Une partie de la réponse réside sans doute dans l’assurance agricole, et plus précisément dans la « micro-assurance indicielle ». Le 2 octobre, Nestlé a annoncé avoir conclu un partenariat avec la société Blue Marble pour approvisionner plus de 800 petits producteurs de café en Indonésie, fournisseurs de Nescafé.

« En 2018, l’une de nos marques, Nespresso, a établi une première collaboration avec Blue Marble pour protéger les producteurs de café en Colombie. Nous nous sommes appuyés sur cette expérience, on vous explique chez Nestlé. Les premières années, nous couvrirons 100% de la prime d’assurance (le montant versé à l’assurance en échange d’une couverture des risques, ndlr) démontrer la valeur de l’assurance aux agriculteurs participants. »

Derrière le nom de « microassurance indicielle » se cache une mécanique fine : les dommages sont identifiés à partir de données transmises par des satellites ou des stations météorologiques. Pour évaluer les pertes, celles-ci sont comparées à un indice calculé notamment à partir des rendements des années précédentes. Un système qui évite d’envoyer un expert dans des exploitations agricoles souvent difficiles d’accès. L’indemnisation est versée automatiquement.

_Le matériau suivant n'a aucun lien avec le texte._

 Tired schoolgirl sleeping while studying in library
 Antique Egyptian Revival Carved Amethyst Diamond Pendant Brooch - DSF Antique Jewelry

Cette approche pourrait être développée à l’avenir dans les économies émergentes particulièrement vulnérables aux événements climatiques extrêmes. Pour un groupe comme Nestlé, l’intérêt est double : il sécurise son approvisionnement en protégeant financièrement ses fournisseurs et il valorise son image.

Ces dernières années, certains États ont saisi l’intérêt d’un tel levier dans la lutte contre la pauvreté. En 2009, la Banque mondiale, en partenariat avec plusieurs pays, a lancé le Global Index Insurance Facility (Giif).

Depuis sa création, plus de 13 millions de polices d’assurance agricole ont été émises, avec environ 65 millions de bénéficiaires dans le monde – une petite part des 2,5 milliards de personnes qui dépendent des petites exploitations agricoles à travers la planète, selon l’Organisation des Nations Unies pour l’alimentation et l’agriculture. (FAO).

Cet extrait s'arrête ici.